Leda Vasconcellos - A voz é como se fosse nossa impressão digital, ela nos identifica, diz quem realmente somos e o que estamos sentindo. A forma com que falamos gera impressões nos ouvintes. Se uma pessoa fala muito rápido, pode transmitir a impressão de estar ansioso. Se ela fala devagar, em tom grave e sem modulação, pode transmitir a impressão de estar triste e com falta de energia. Se ela fala com volume de voz reduzido pode ser considerada insegura. A voz é um elemento importante na interação. Ela deve estar coerente com o contexto e com os sentimentos.
O que devemos fazer para atrair a atenção das pessoas durante um discurso ou uma conversa?
Leda Vasconcellos - Devemos conhecer com antecedência quem são os ouvintes, quais são seus interesses e suas motivações e adequar a nossa mensagem às expectativas deles. Além disso, nossos comportamentos não-verbais devem ser expressivos o suficiente para prender a atenção do interlocutor, como voz clara e bem modulada, postura elegante, face expressiva, gestos coerentes com a fala etc. Esses comportamentos devem sofrer modificações conforme o contexto e o seu interlocutor.
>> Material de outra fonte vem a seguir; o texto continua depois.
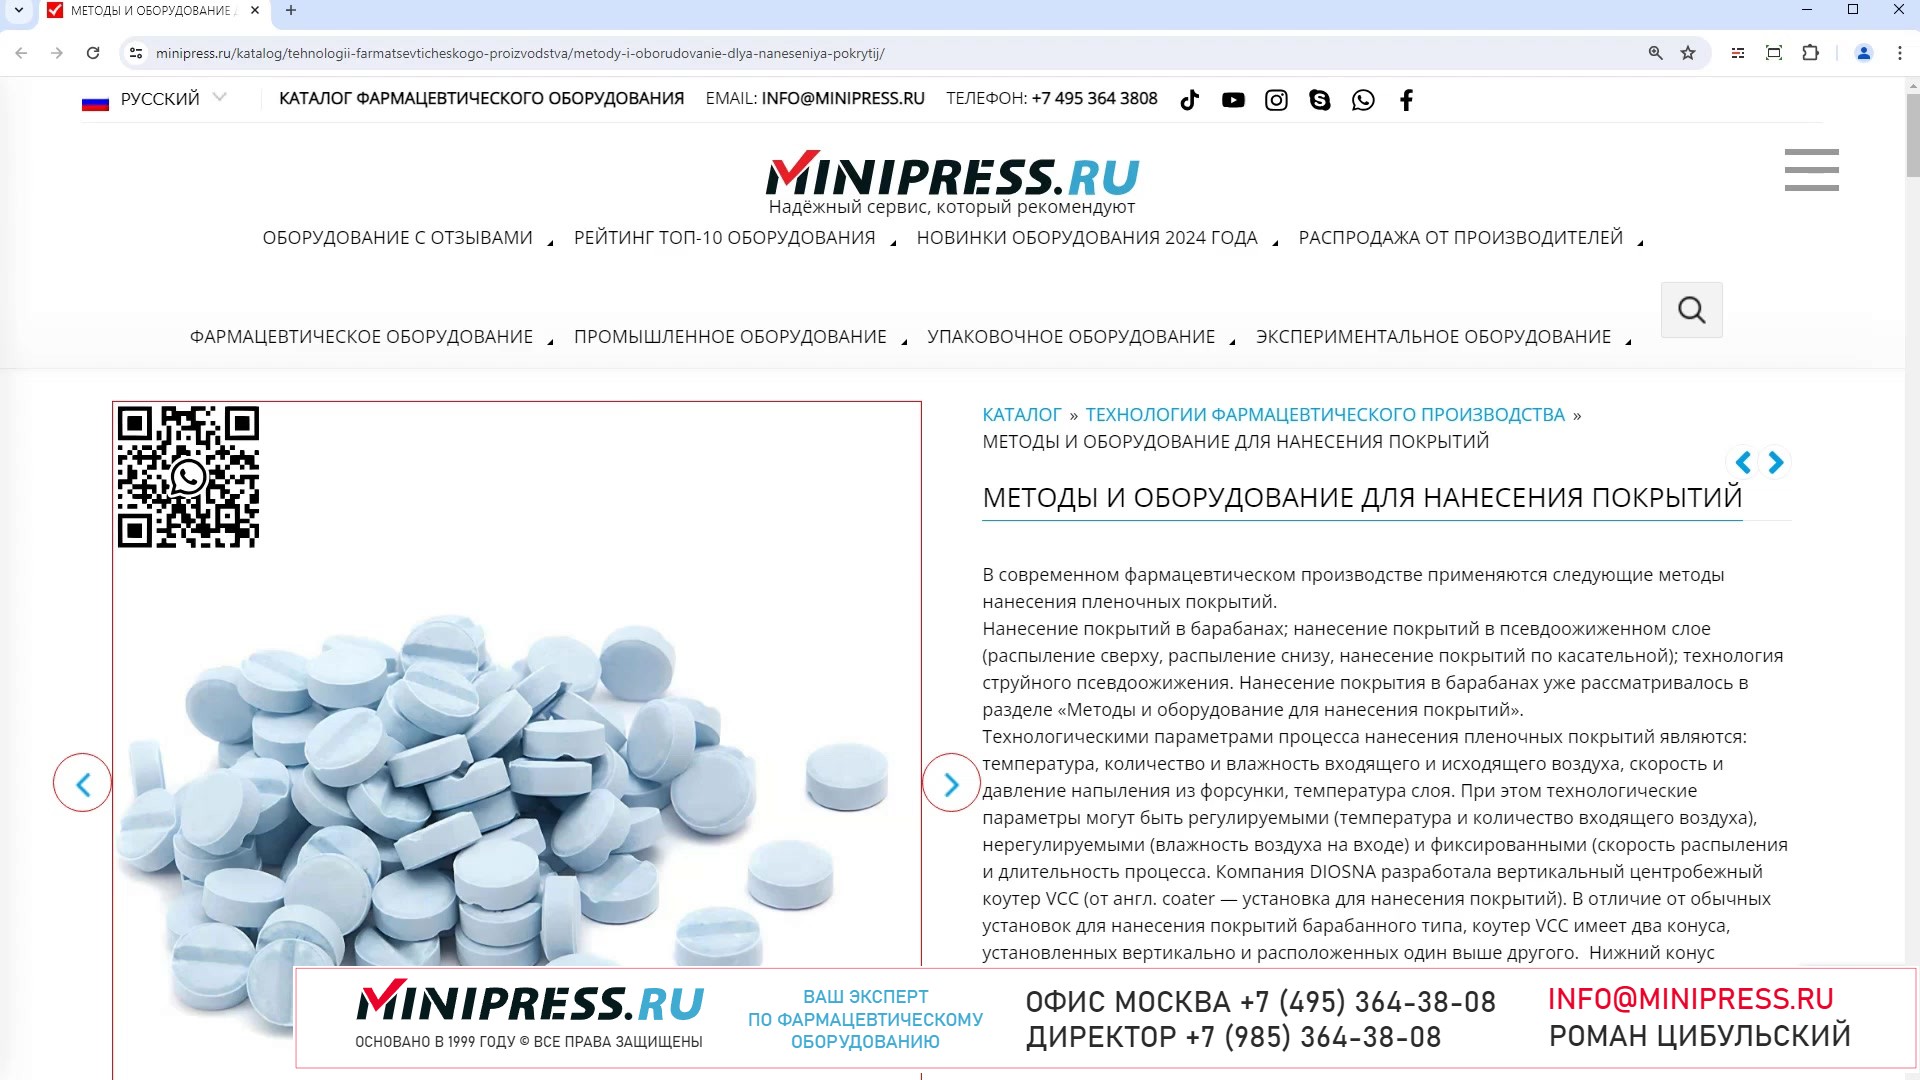 Minipress.ru Методы и оборудование для нанесения покрытий

Por exemplo, se você estiver conversando com uma criança, pode ser mais expressiva,
usar frases curtas e simples, além de sempre usar alguma
ação (ex.: falar de um objeto manuseando-o e deixando a criança manusear); se você estiver respondendo às perguntas de uma banca examinadora durante um concurso para magistratura, deve demonstrar segurança e tranqüilidade, falando firme, mas com uma velocidade de fala agradável, uma postura ereta e alguns gestos; se quiser persuadir alguém, considerando a relação ganha-ganha, deve usar uma voz bem modulada, olhar nos olhos do interlocutor e demonstrar firmeza e flexibilidade ao mesmo tempo.
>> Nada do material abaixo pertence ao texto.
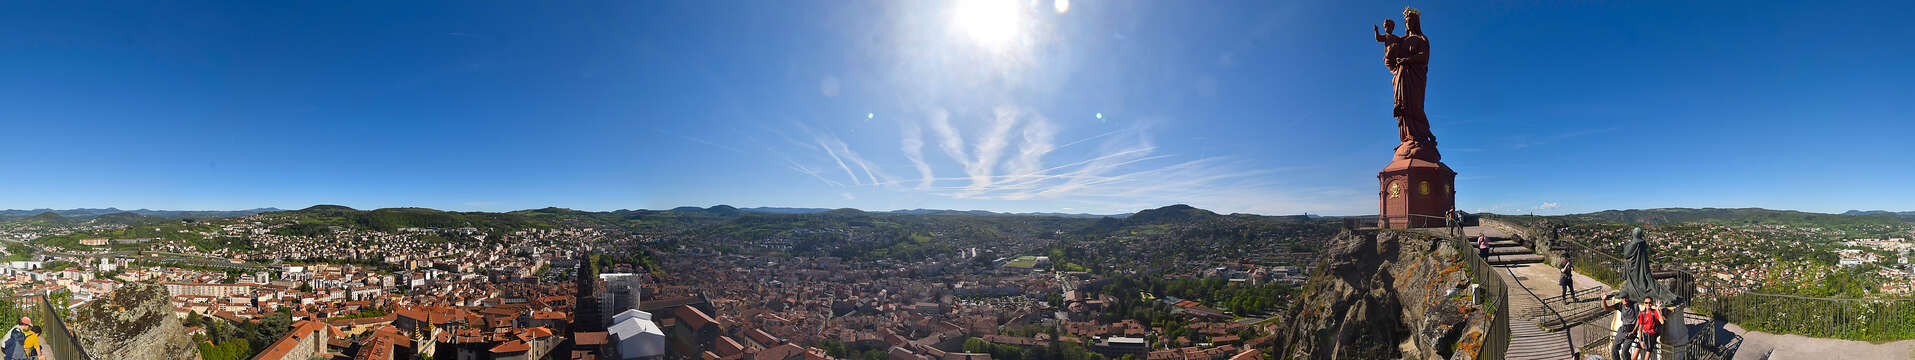 Webcam della statua di Notre-Dame de France a 360° a Le Puy-en-Velay

Como o orador pode avaliar a receptividade da platéia?
Leda Vasconcellos - Para avaliar a receptividade da platéia é preciso estar tranqüilo o suficiente para observá-la. Existem pessoas que ficam tão nervosas durante a apresentação que não olham para a platéia e transmitem a mensagem sem nenhuma interação. Se perguntarmos para essa pessoa qual
foi a reação da platéia, elas respondem “não sei, não consegui olhar para ninguém. Falei o que tinha que falar e saí”. Quando
a platéia está receptiva manifesta alguns comportamentos,
tais como olhar e expressão facial que demonstram interesse, perguntas, risadas diante de brincadeiras e postura confortável. Se as pessoas da platéia começam a conversar, ficam olhando para o relógio, levantam-se ou ficam movimentando-se na cadeira com freqüência, pode ser sinal
de desinteresse por algum motivo, que nem sempre é gerada pelo orador, como sono, fome ou problemas de saúde. Neste caso, é preciso melhorar a expressividade da fala, deixando a voz mais modulada, movimentando-se pela sala e mudando o conteúdo da fala com a introdução de fatos bem-humorados, histórias e analogias. Esta orientação serve para qualquer situação de comunicação, em grupo ou em díades.
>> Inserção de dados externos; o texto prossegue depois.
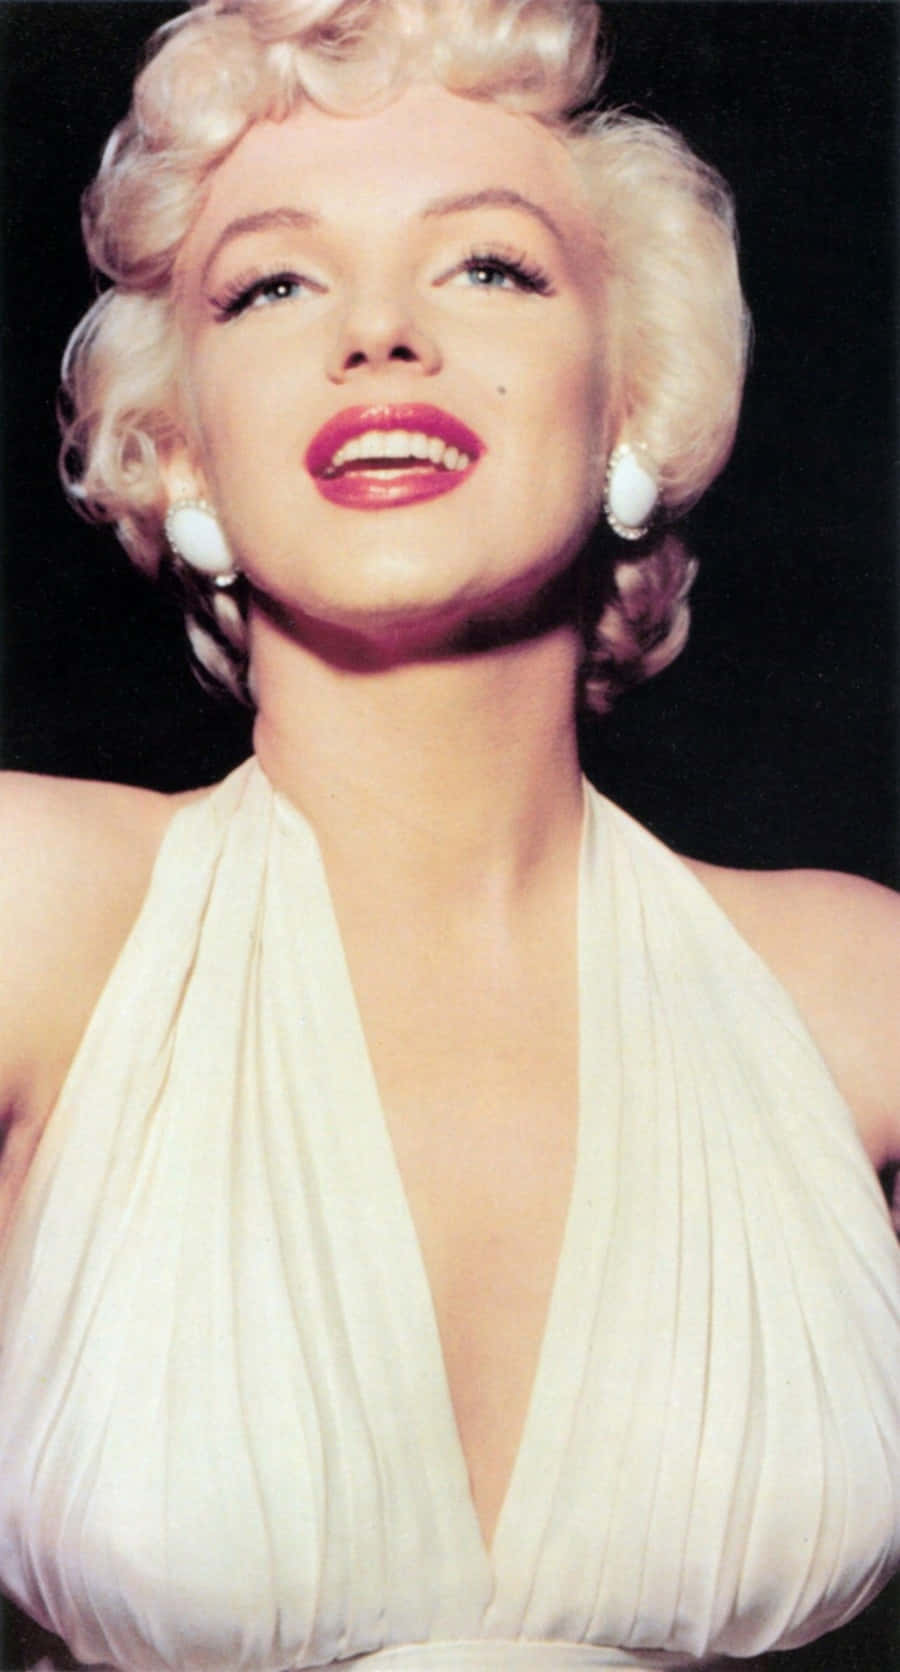 Leggendariaattrice E Iconico Simbolo Di Seduzione Marilyn Monroe

Como perder o medo de participar de entrevistas de emprego, de falar ao microfone ou de estar diante de uma câmera numa entrevista ou em outra situação?
Leda Vasconcellos - Não tem uma outra forma se não a de expor-se. Não devemos nos furtar dessas situações. Devemos diminuir o grau de exigência de perfeição e relaxar para mostrar quem você realmente é. Ensaios e simulações com amigos
(não perfeccionistas) ou com ajuda profissional especializada são de grande importância. Mas a dica é: seja você mesmo.
Dicas de leitura
- “Timidez”, de Bernardo J. Carducci, da Editora Alegro
- “A arte da conversa e do convívio”, de Maria Tereza Maldonado e Alan Garner, da Editora Saraiva;
- “Seja Assertivo”, de Vera Martins, da Editora Alegro.
Existem também vários livros na área de oratória. Antes de comprar, é bom observar quem é o autor, sua formação e sua experiência na área, além de verificar se os itens do sumário são interessantes.